The macroeconomic view that aggregate employment will remain stable is cold comfort to the individual worker displaced by automation. The costs of this transition—loss of income, community, and identity; the financial and emotional burden of retraining and relocating—are borne almost entirely by the individual. The benefits, however, flow elsewhere.

This is the central issue the current panic obscures. The problem is not technology; it is the distribution of its rewards. Since the mid-1970s, a crucial link in the economic engine has been broken. For a century prior, from roughly 1860 to 1970, wages and productivity in the United States moved in tandem. As workers produced more, they earned more. Around 1975, these lines diverged sharply. Productivity continued its upward climb, while real wages for the majority of workers stagnated.

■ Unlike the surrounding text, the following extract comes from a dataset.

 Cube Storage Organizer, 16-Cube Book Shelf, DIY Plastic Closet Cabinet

This great decoupling coincides with two structural shifts. The first was the precipitous decline of the trade union movement, which eroded the institutional power of labor to bargain for a share of productivity gains. The second was the acceleration of globalization, which allowed capital to play domestic workers against a global labor pool, exerting relentless downward pressure on wages.

AI enters an economy already defined by this imbalance of power. Without countervailing forces, it will function as an accelerant. The increased profits generated by AI-driven efficiency will accrue to capital owners and a small class of highly skilled professionals. The broader workforce, lacking bargaining power, will see little of this gain. The result is a politically mediated outcome, not a technologically determined one.

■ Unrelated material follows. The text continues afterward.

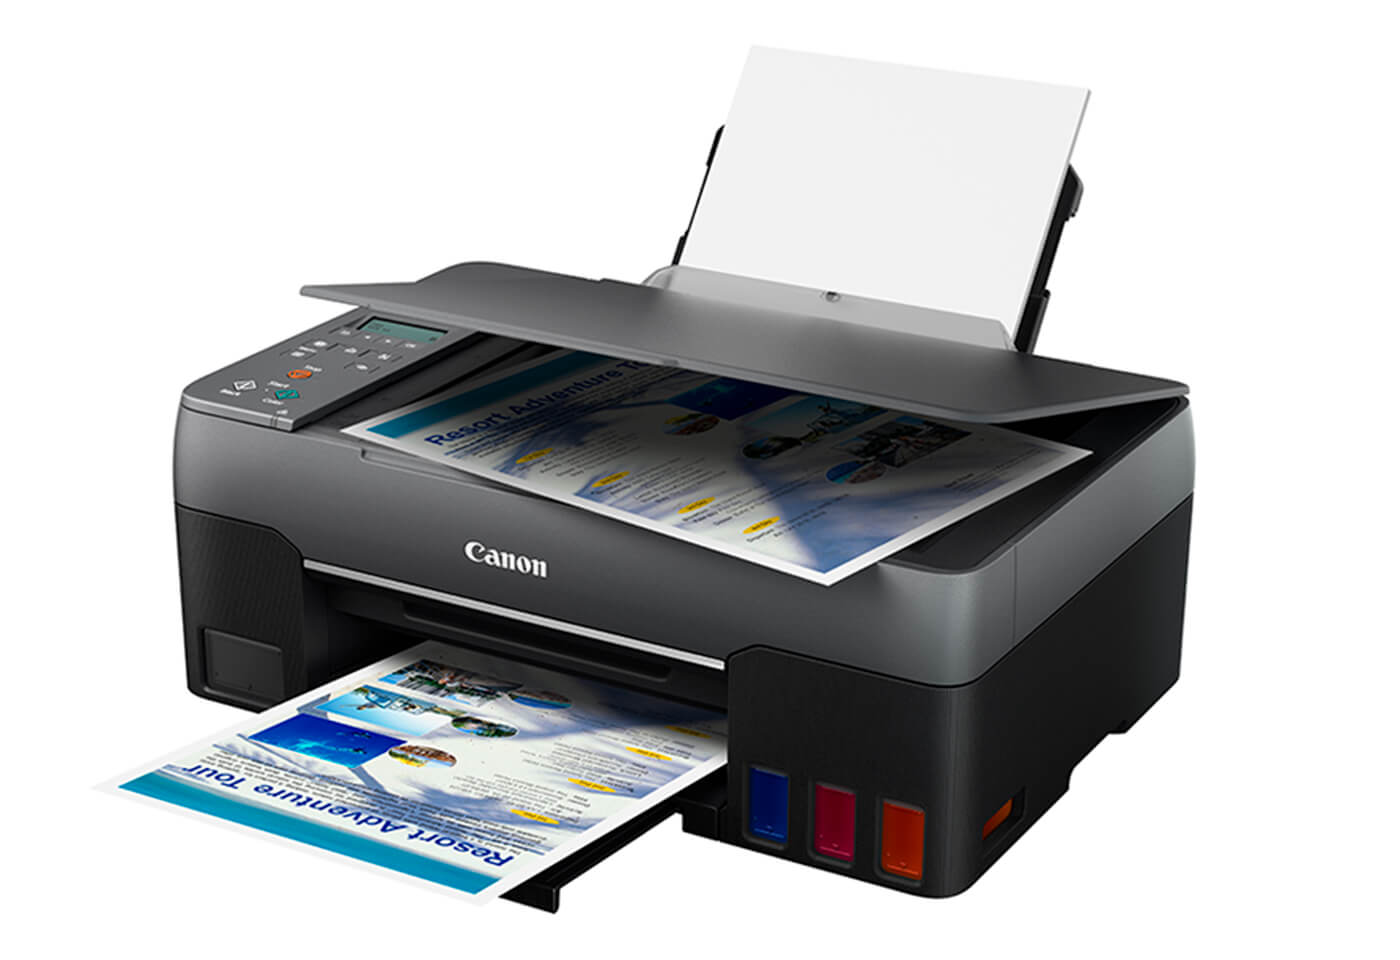 Side profile image of PIXMA G3620 MegaTank printer with tray open

A Future of Intensification and Inequality

The immediate future of work shaped by AI is not one of leisure, but one of intensification. For those whose jobs are not eliminated, AI tools will be used to expand their scope of work, leading to increased multitasking, cognitive fatigue, and workload creep. An accountant will not work less; they will be expected to handle more clients. A programmer will not go home early; they will be expected to ship more code. (The notion that CEOs see saved hours translating directly into reduced headcount has already been questioned by executives like JPMorgan’s Jamie Dimon.)

Simultaneously, a structural crisis is brewing at the entry-level. As a Dallas Fed report noted, AI is adept at handling “textbook knowledge” tasks, which have historically been the training ground for new workers to develop the “street smarts” of experience and tacit knowledge. If AI handles the grunt work, the ladder for developing the next generation of experienced professionals is kicked away. This creates a long-term sustainability problem for businesses and a bottleneck for young workers already facing a deteriorating job market.

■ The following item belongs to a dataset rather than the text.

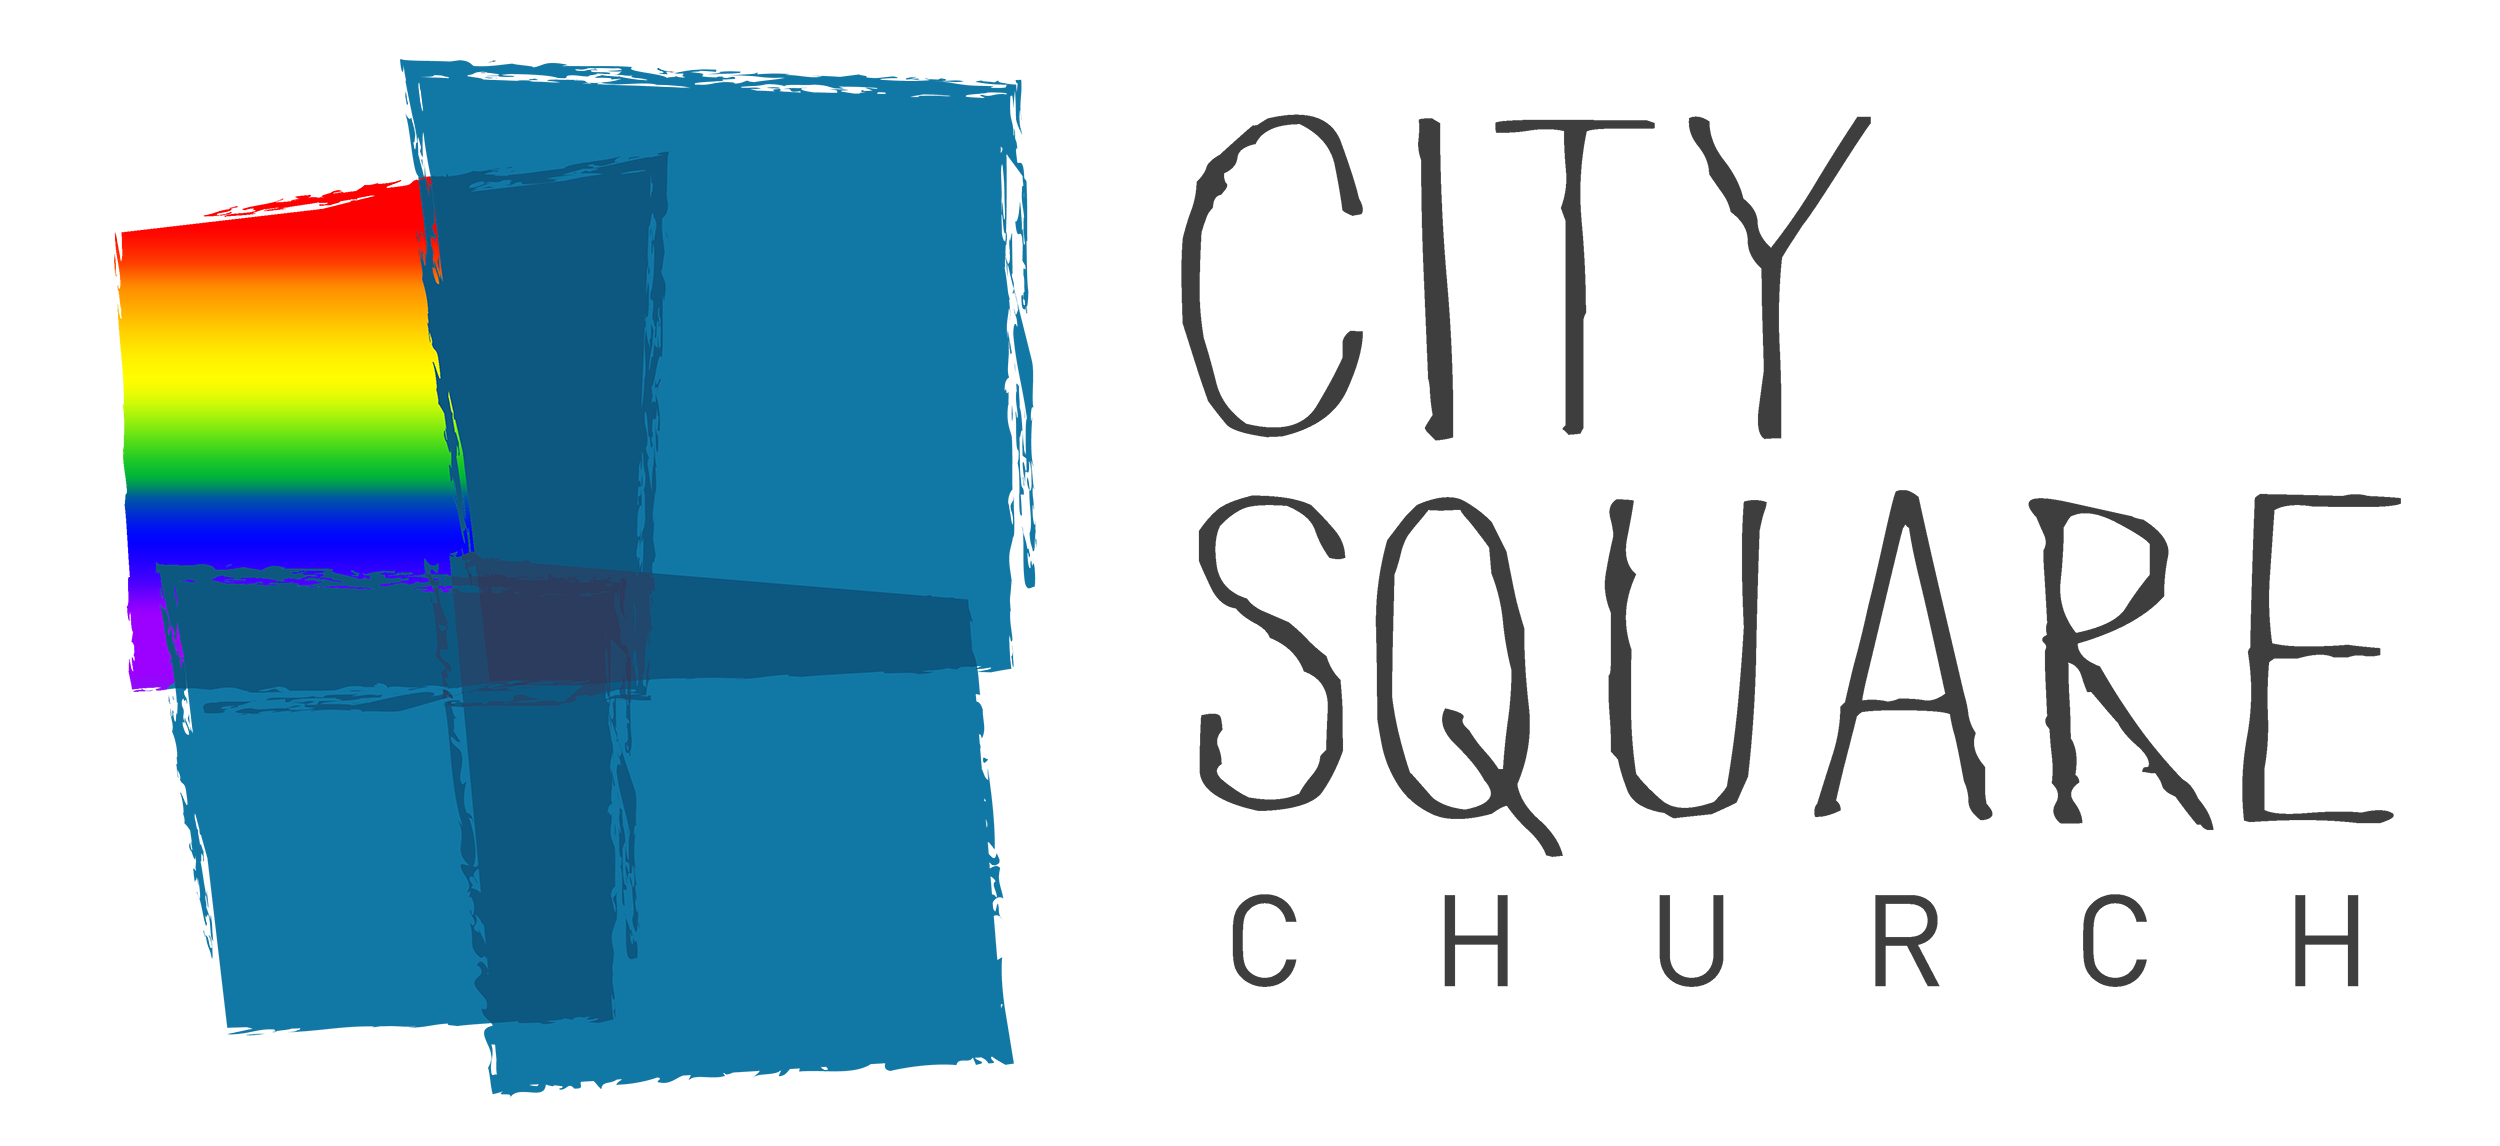 City Square Church

To navigate this, the focus must shift from blocking technology to building social shock absorbers. A robust welfare state, generous unemployment insurance, and ambitious public retraining programs are not socialist fantasies; they are pragmatic necessities to manage the social costs of a transition that benefits the economy in aggregate. They socialize the costs currently borne by individuals.

The debate should not be about a hypothetical job apocalypse. It should be about political and economic power. The trajectory of AI’s impact will be determined by the strength of organized labor and the willingness of the state to intervene. Left to its own devices, capital will deploy AI to maximize profit, intensify work, and deepen inequality. Technology has the potential to reduce human toil, but within the current system, its primary function is to serve the bottom line. That is the real, and far more urgent, crisis.